Dataset excerpt:
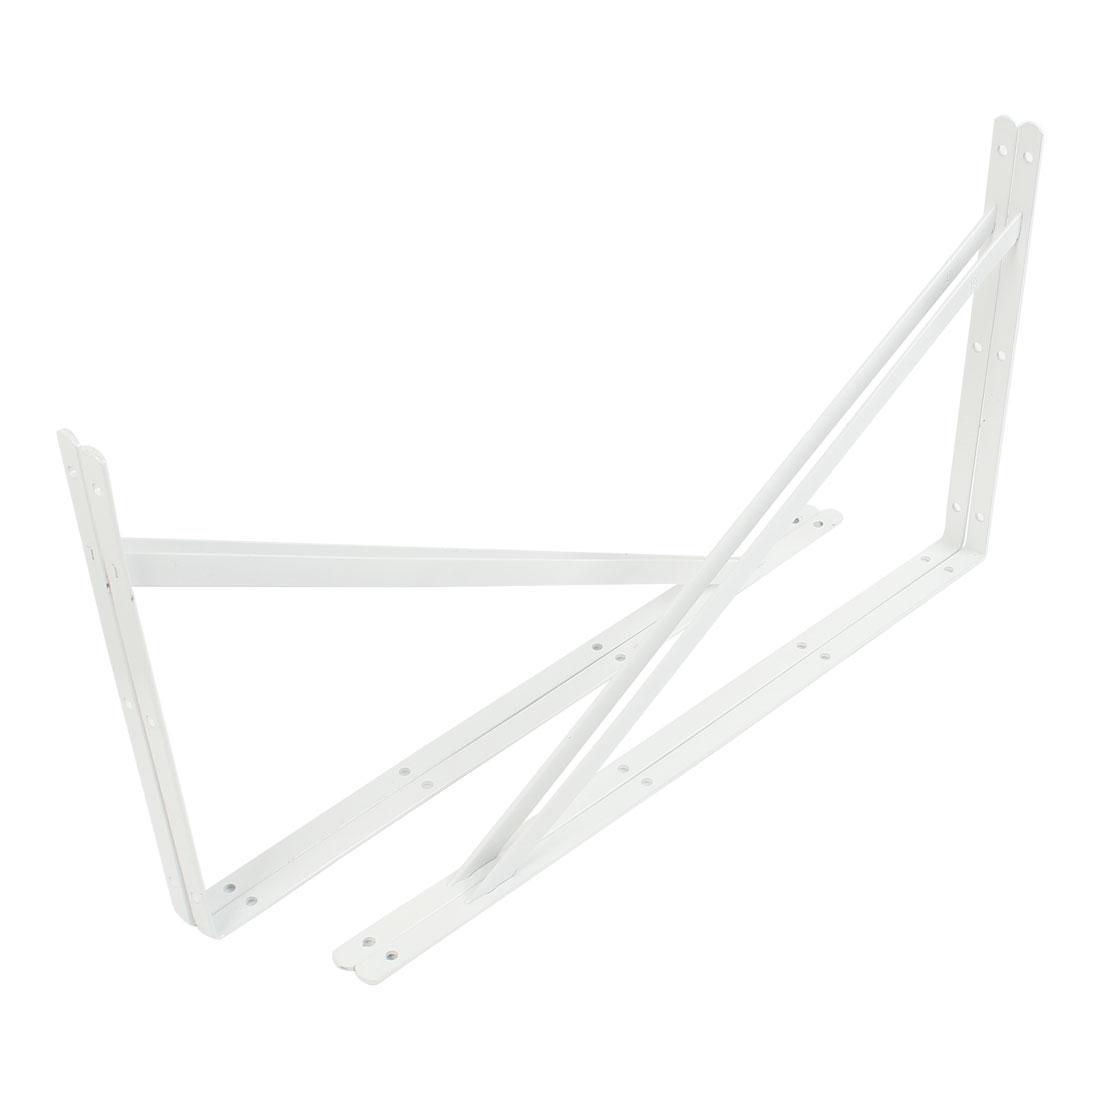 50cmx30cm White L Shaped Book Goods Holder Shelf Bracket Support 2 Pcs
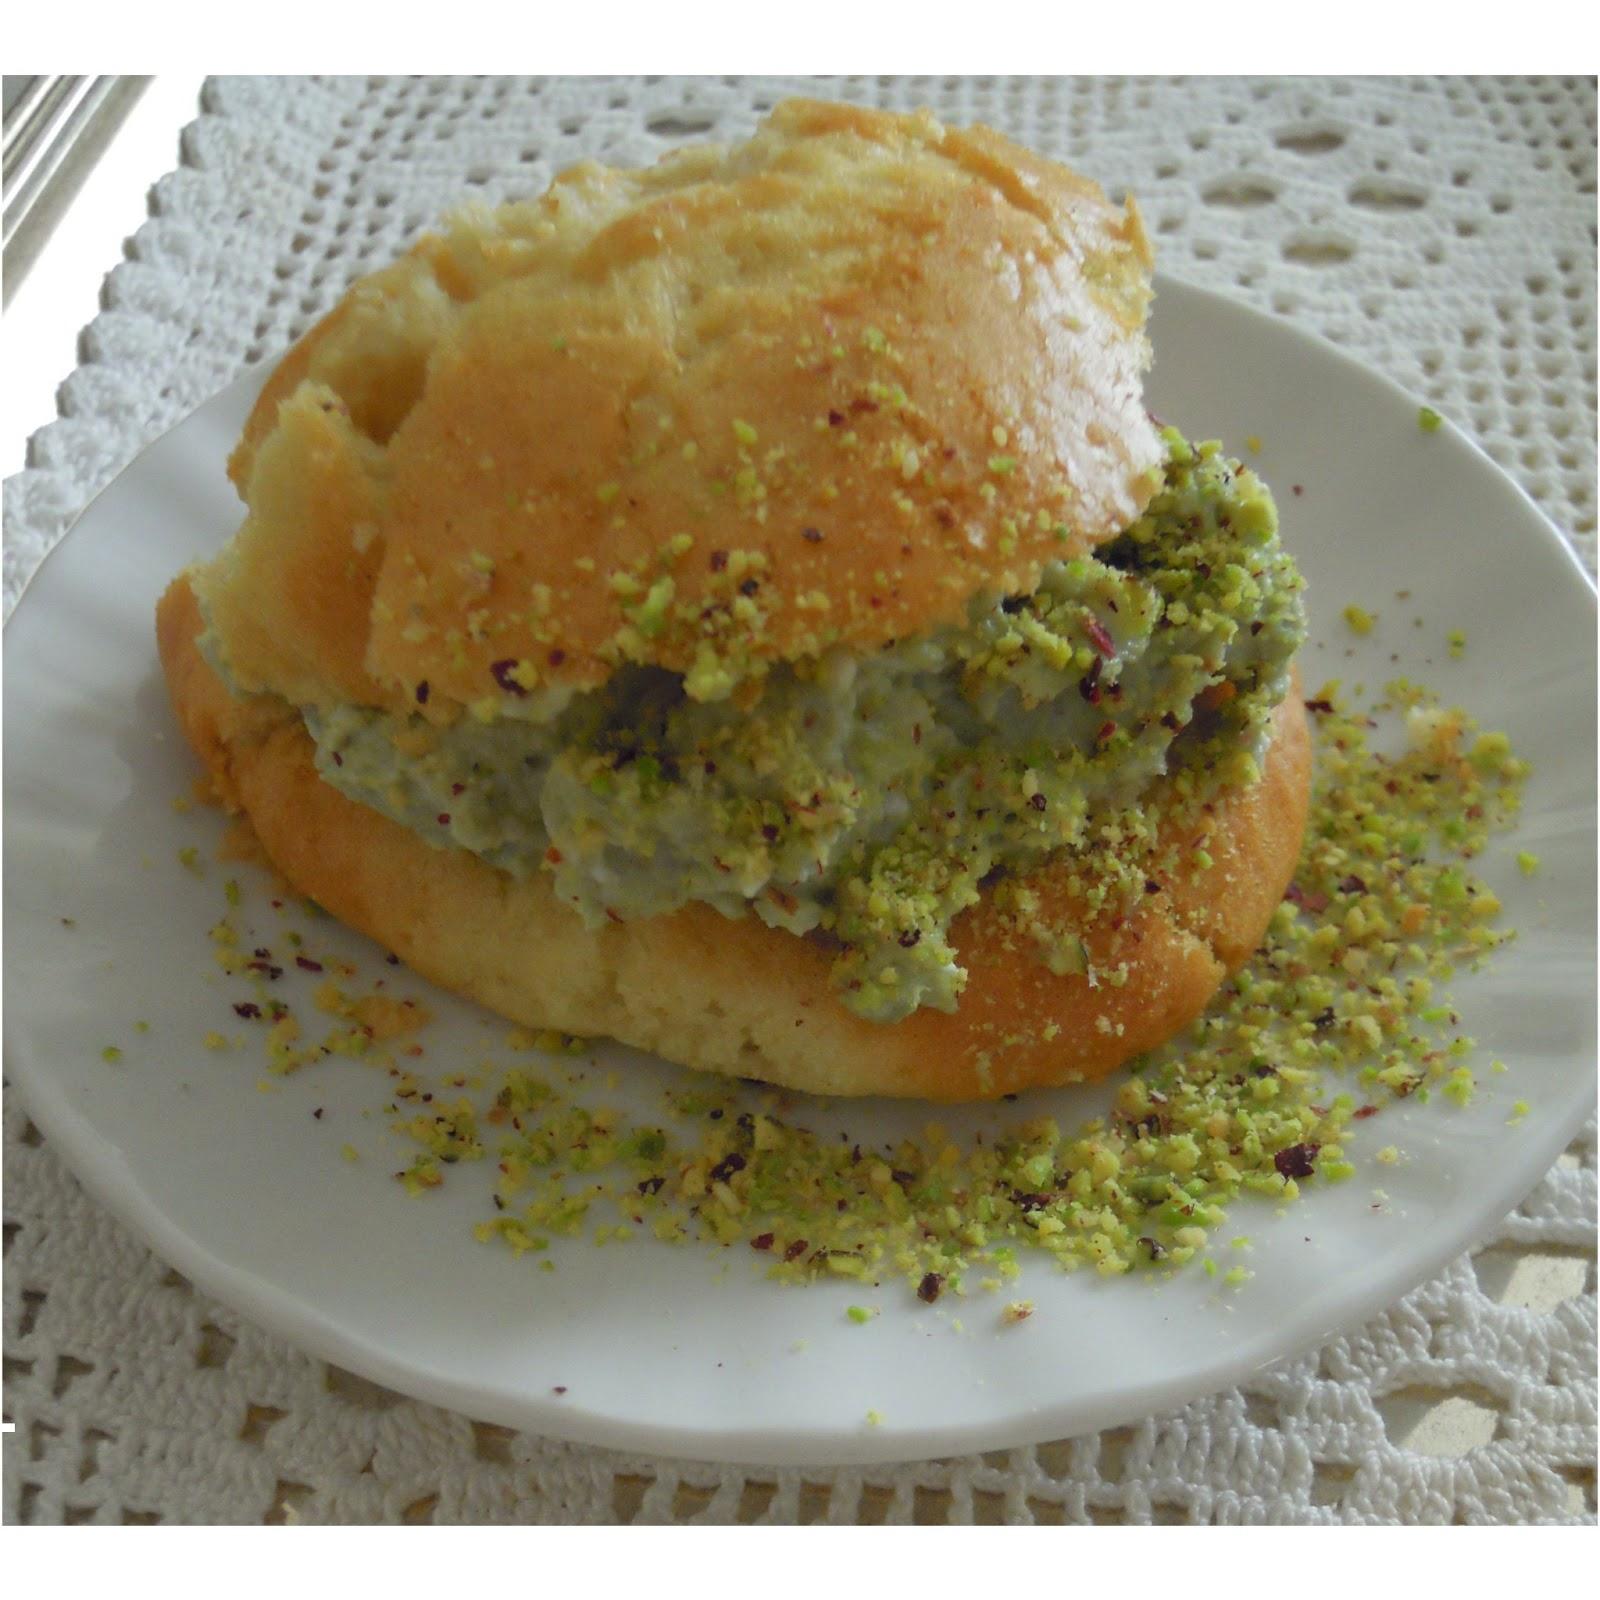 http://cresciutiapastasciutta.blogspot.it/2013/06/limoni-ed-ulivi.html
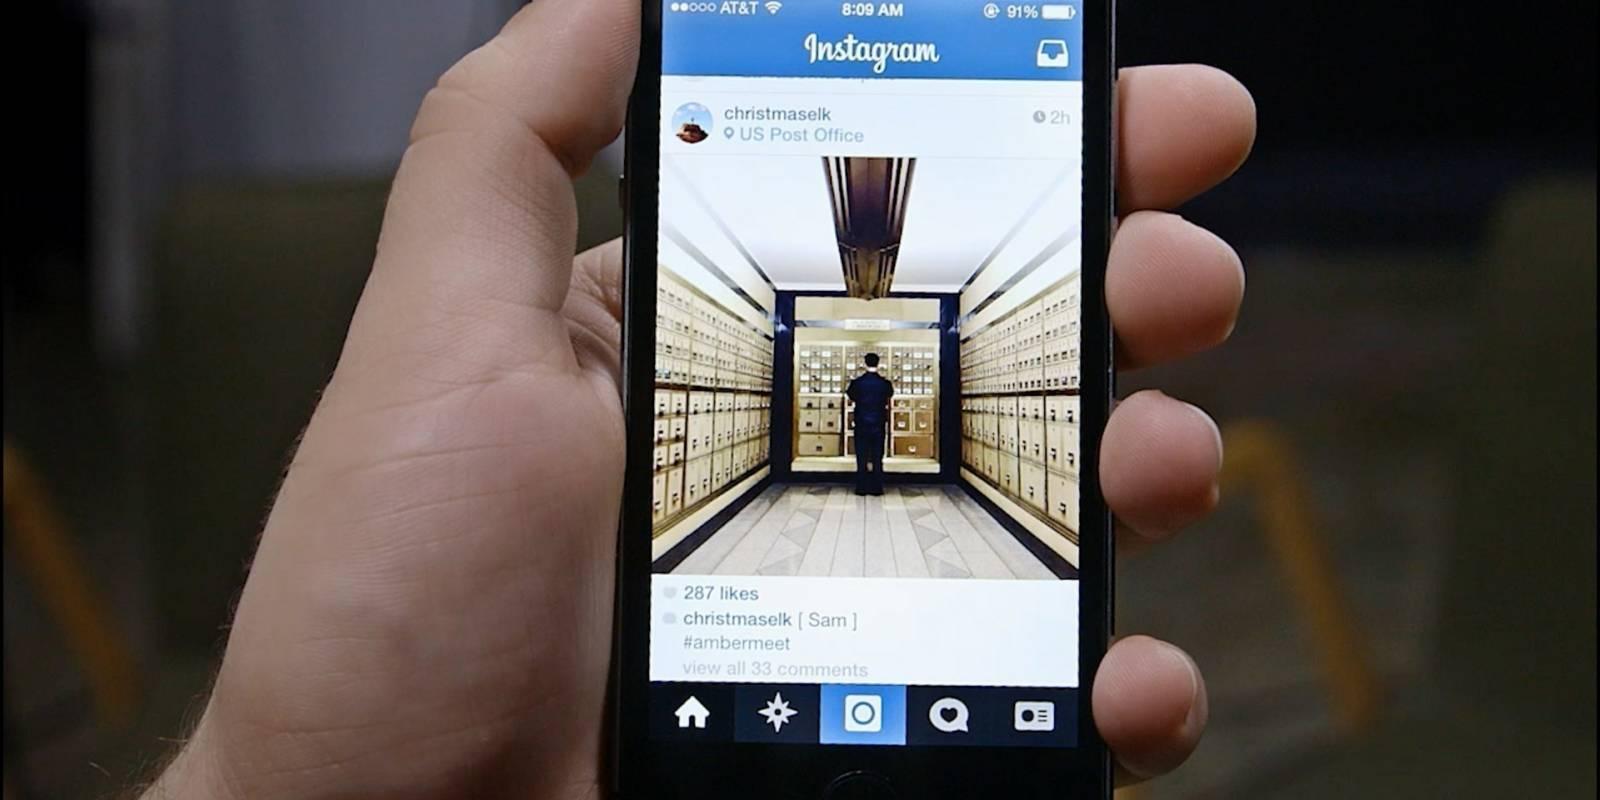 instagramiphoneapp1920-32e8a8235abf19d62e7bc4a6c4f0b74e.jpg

Action item:
The answer is the full listing above, repeated exactly, with its pictures removed.

Completed task:
 50cmx30cm White L Shaped Book Goods Holder Shelf Bracket Support 2 Pcs
 http://cresciutiapastasciutta.blogspot.it/2013/06/limoni-ed-ulivi.html
 instagramiphoneapp1920-32e8a8235abf19d62e7bc4a6c4f0b74e.jpg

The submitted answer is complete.